Famously, to W.H. Auden, sitting on a bar stool in ‘one of the dives on Fifty-Second Street’ in New York in September 1939, the thirties were a ‘low, dishonest decade’. Looking back later, others followed him, labelling it ‘the devil’s decade’, ‘a dark tunnel’, ‘the locust years’, a ‘morbid age’, a time tainted by the dolorous spectres of intractable unemployment, the Means Test and appeasement, that ended inexorably in the most terrible war the world has ever known. But others claimed that this was a partial picture. It ignored those areas of Britain largely unaffected by the ‘Great Depression’, where the symbols of prosperity were the growth of home ownership, new light industries, a consumer society — evidenced by rapidly multiplying acres of suburban semis, the hope of a Baby Austin in the garage, a branch of Woolworths in every town, roadhouses on every arterial road, lidos, cinemas, paid holidays, dance halls, greyhound racing, football pools, plate glass, the modernist and the ‘moderne’. In sum, J.B. Priestley’s new ‘third England’ to set alongside two old Englands — one ‘byways England’, slow, rural and benign, the other harsh, ugly and industrial.

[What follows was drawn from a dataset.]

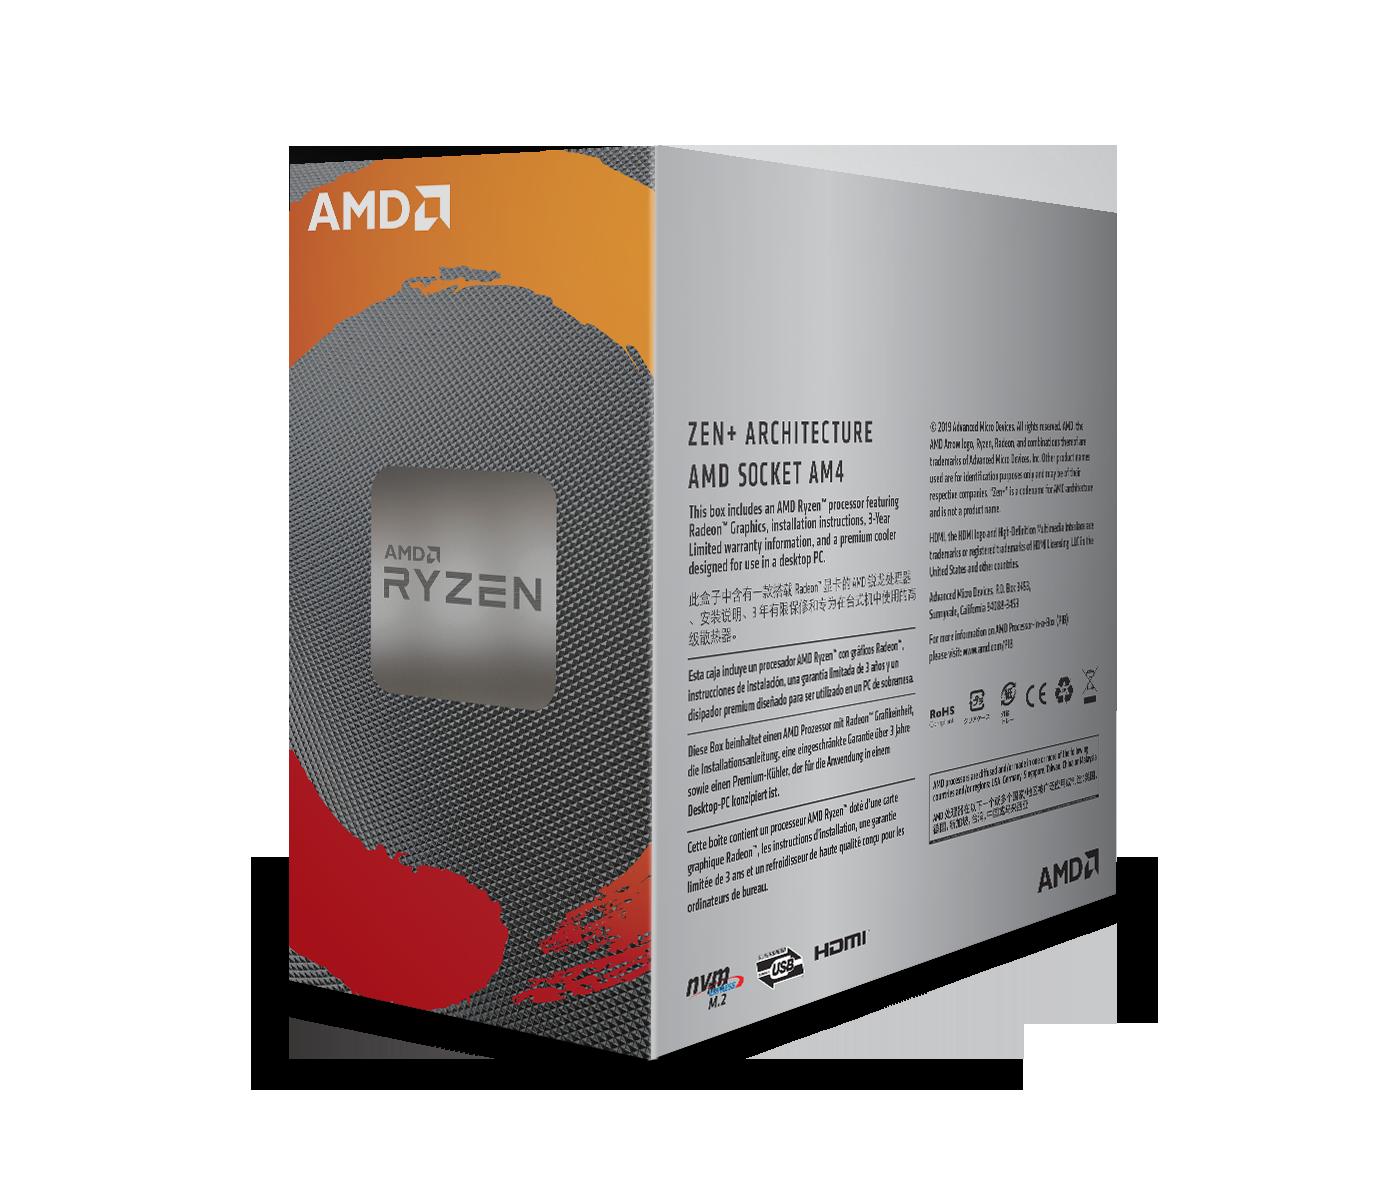 AMD Ryzen 3 3200G /6MB /3.6GHz /4 nhân 4 luồng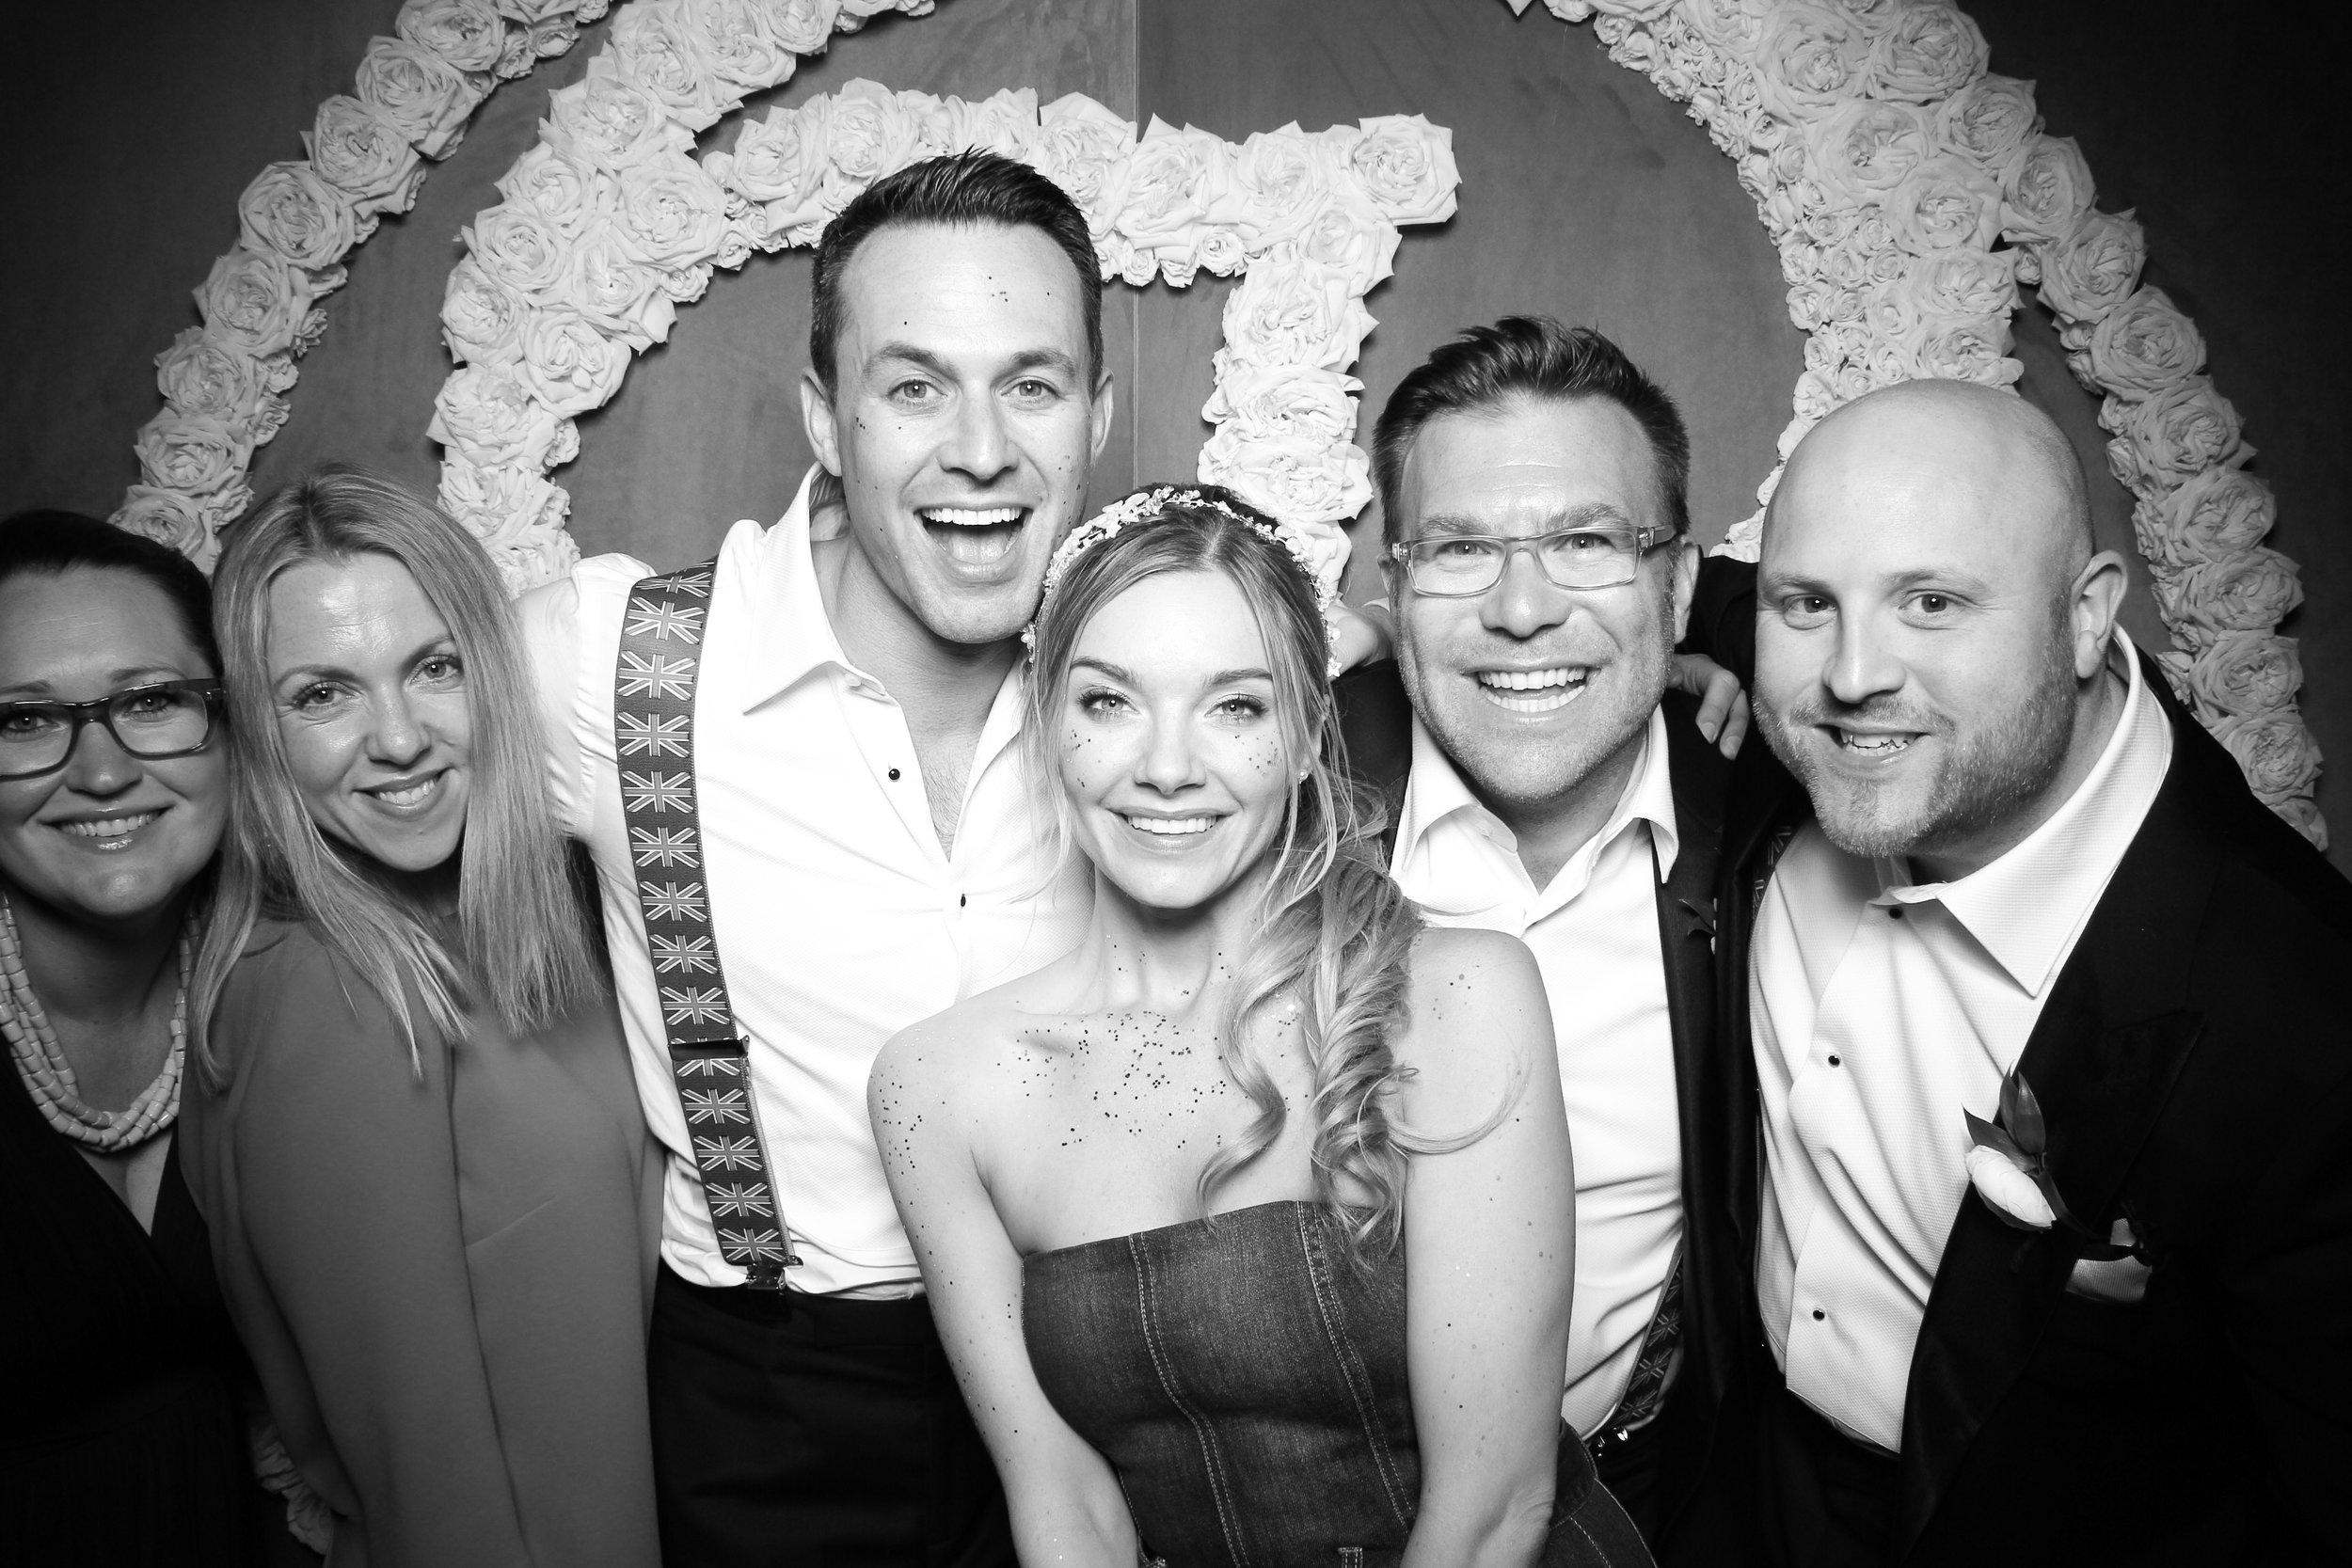 Photo_Booth_Rental_At_Standard_Club_Wedding_Chicago_14.jpg

‘There ain’t no universals in this man’s town,’ wrote Louis MacNeice in 1939. This book recognises the claims of all of these Englands (or rather Britains) to tell the story of the thirties. Its aim is to explore all three, to uncover the ‘intimate history’ of what it was like to live through the decade. It is not one story; it is not three stories: it is hundreds of interwoven stories, from that of the Prime Minister(s) to a discontented North London schoolteacher, from three Kings to one rather anxious Oxford vicar’s wife, from the economist J.M. Keynes and the novelist Virginia Woolf to the intermittently unemployed gardener Frank Forster and the astute Hull journalist Cyril Dunn. Lives, events, aspirations, plans and the tireless search for solutions by people who felt that after the trauma of the First World War it must be possible to reorder society better, and those for whom this disastrously failed. All fitting into a panorama of Britain in the thirties, a decade that haunts us today with the magnitude of its problems, the paucity of its solutions, the dreadfulness of its ending, while snaring us with the boldness of its political and social experiments, the earnestness of its blueprints, the yearnings of its young, and the sheer glamour of its design, art, architecture, fashion, dream palaces, dance halls, and obsession with speed.

The story begins on the last day of 1929; it has no conclusion other than the outbreak of the Second World War on 3 September 1939, which, while not formally ending the decade, definitively foreclosed thirties Britain.